I went to the FM hoping to score some decent peaches, and was also interested in seeing what the general selection was like these days. One seller had some peaches from KY, which counts as local. None that I inspected were really ripe; I've got four on my counter and hope they'll be worth eating. I also picked up a loaf of whole wheat bread from what I think was a Mennonite couple who had a table of baked goods. Made a Bradley tomato sandwich with it for lunch -- it was good, soft bread for all of it being whole wheat. I saw a huge variety of squashes and peppers, including cute pint baskets of cherry-tomato sized, mixed-variety heirloom peppers. I was hoping for fresh onions or garlic, fresh herbs, maybe some strawberries, and ... exotica. I was disappointed, but did go to Howell's stand there and pick up some things I usually get from them -- zucchini, eggplant (small white and Japanese), Bradley tomatoes (low-acid and thin skin), cherry tomatoes mentioned in yesterday's post (which I discovered today are called Black Cherry), plum tomatoes, Peaches-and-Cream corn, some pickling cucumbers, and some red potatoes. A goodly haul.

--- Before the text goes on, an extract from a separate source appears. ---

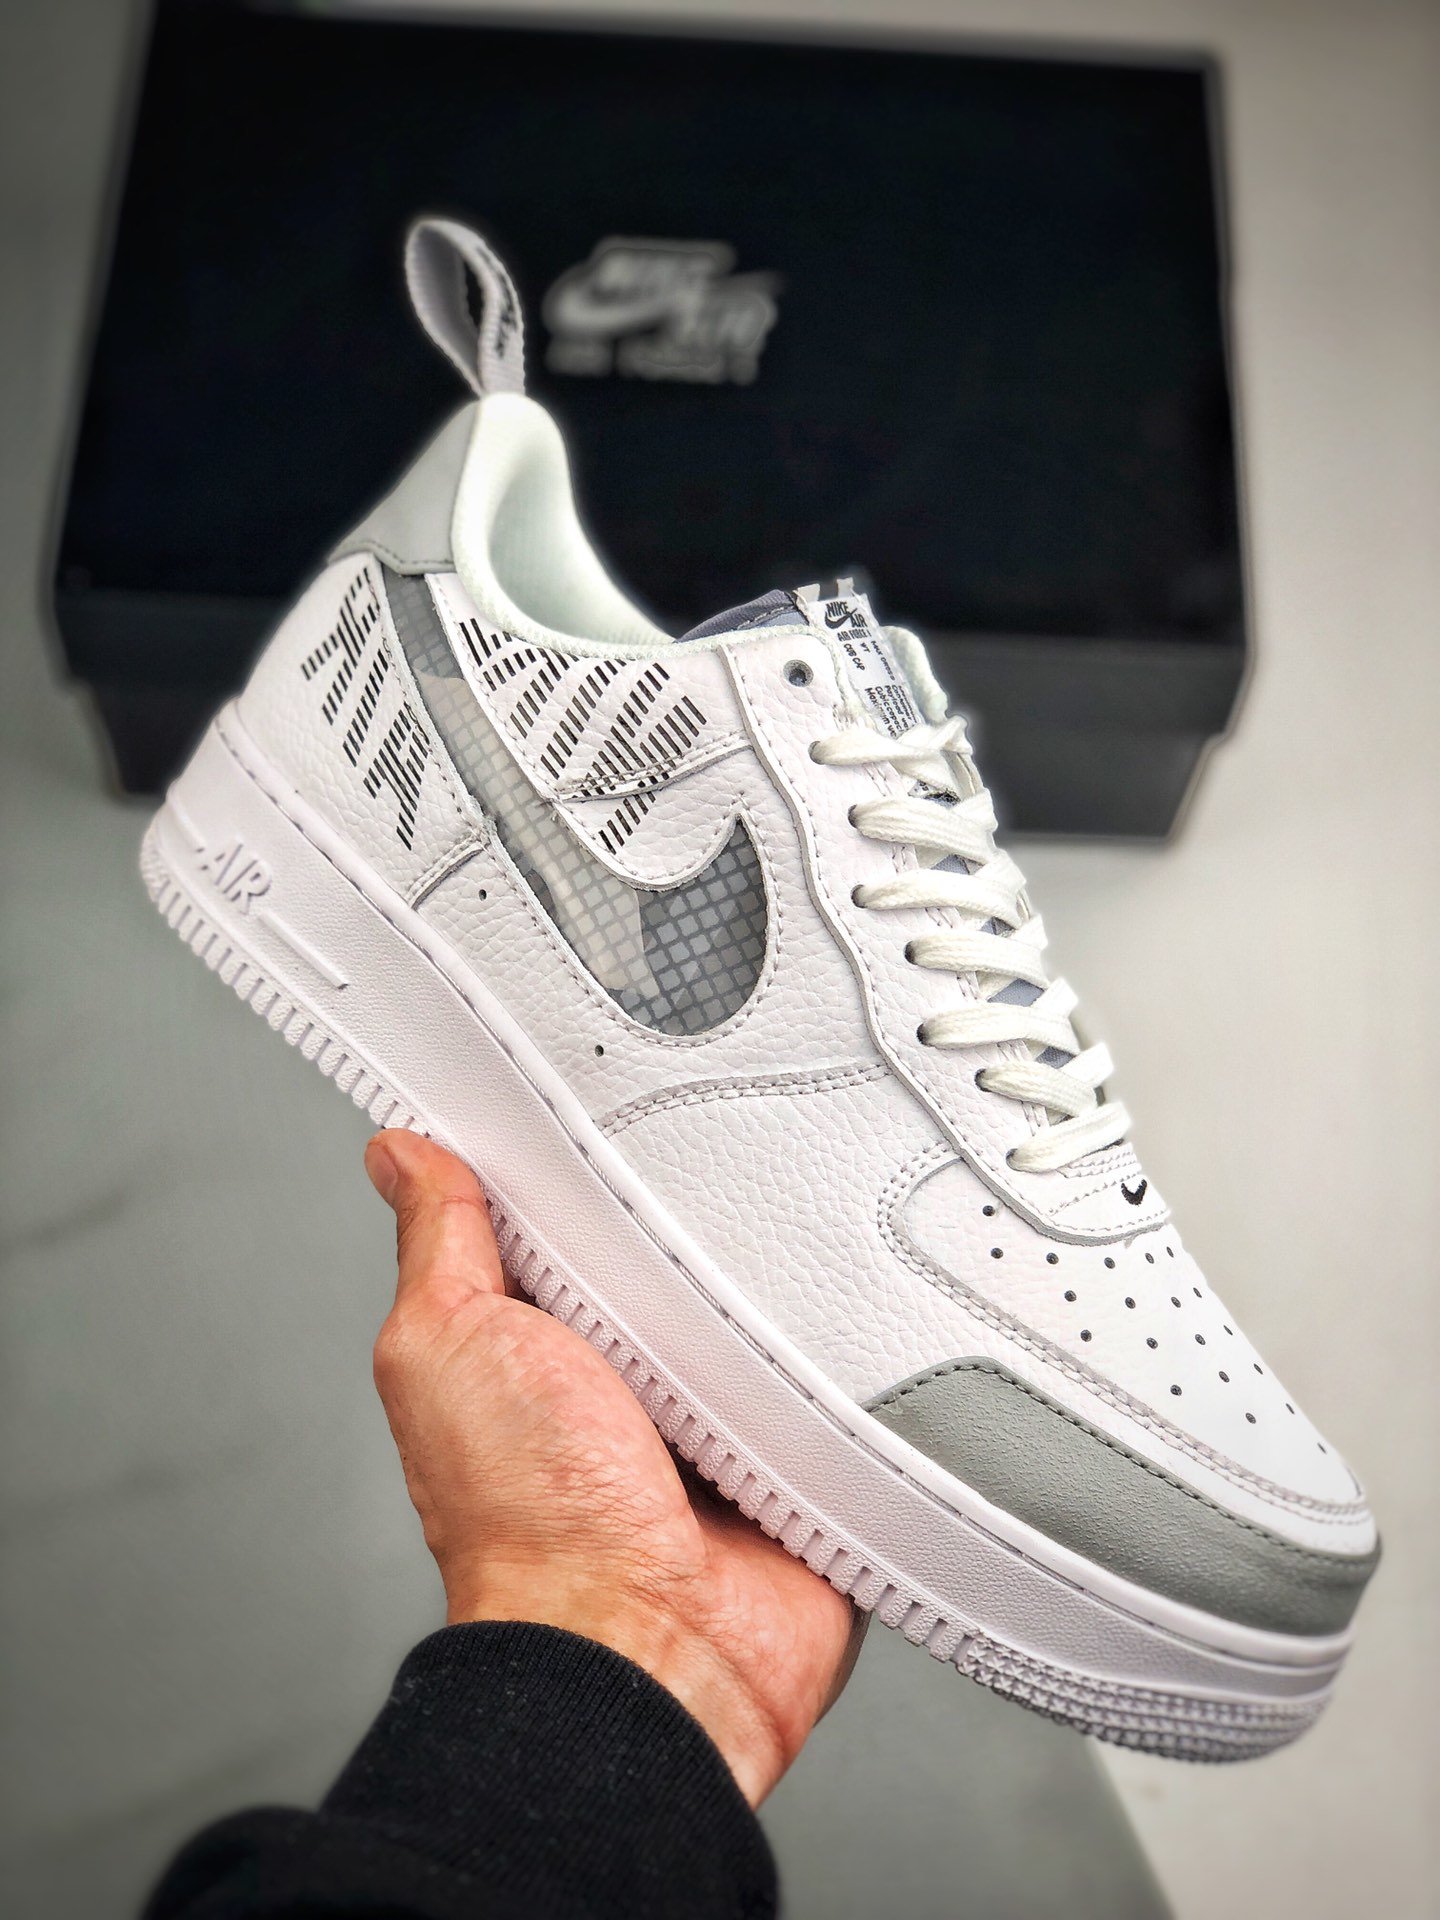 Nike Air AF Force 1 Low "Under Constructioan" White/Wolf Grey-Black Shoes

Sundays have become a cook-for-the-week-and-the-freezer day, and today was no exception. I used the pickling cucumbers to make a quart of refrigerator bread-and-butter pickles, using kind of a hybrid of several recipes. I'll write about them in a couple of weeks, after the first tasting. With the eggplants, plum tomatoes, zucchini, and previously-purchased purple bell pepper and Vidalia onion, I made Cooking Light's Gardener's Ratatouille. I've been making this every summer since the recipe was first published in 2002. The unconventional colors of some of the vegetables (purple pepper, white eggplant) made it even more colorful than usual. Delicious, too!
I was going to link to the recipe, but it's no longer available on the Cooking Light web site, so ... here it is. (Note: It's also in the Cooking Light 2002 Annual recipe book.)
Cooking Light, Aug 2002
Robin Taylor Swatt
2 teaspoons olive oil
1 cup chopped onion
3 cups chopped plum tomatoes -- (about 1 pound)
2 cups chopped eggplant -- peeled (TL note: I've never peeled them)
1 1/2 cups chopped zucchini
1 cup chopped green bell pepper
1 clove garlic -- minced
1 tablespoon chopped fresh oregano
1 tablespoon chopped fresh basil
1 tablespoon chopped fresh parsley
1/2 teaspoon salt
1/4 teaspoon black pepper
Heat the oil in a large skillet over medium-high heat. Add onion; sauté 3 minutes or until tender, stirring frequently. Add tomato, eggplant, zucchini, bell pepper, and garlic. Cover, reduce heat, and simmer 30 minutes, stirring occasionally.
Stir in oregano, and remaining ingredients; cook, uncovered, 5 minutes or until most of the liquid evaporates. Yield: 4 servings (serving size: approx 3/4 cup).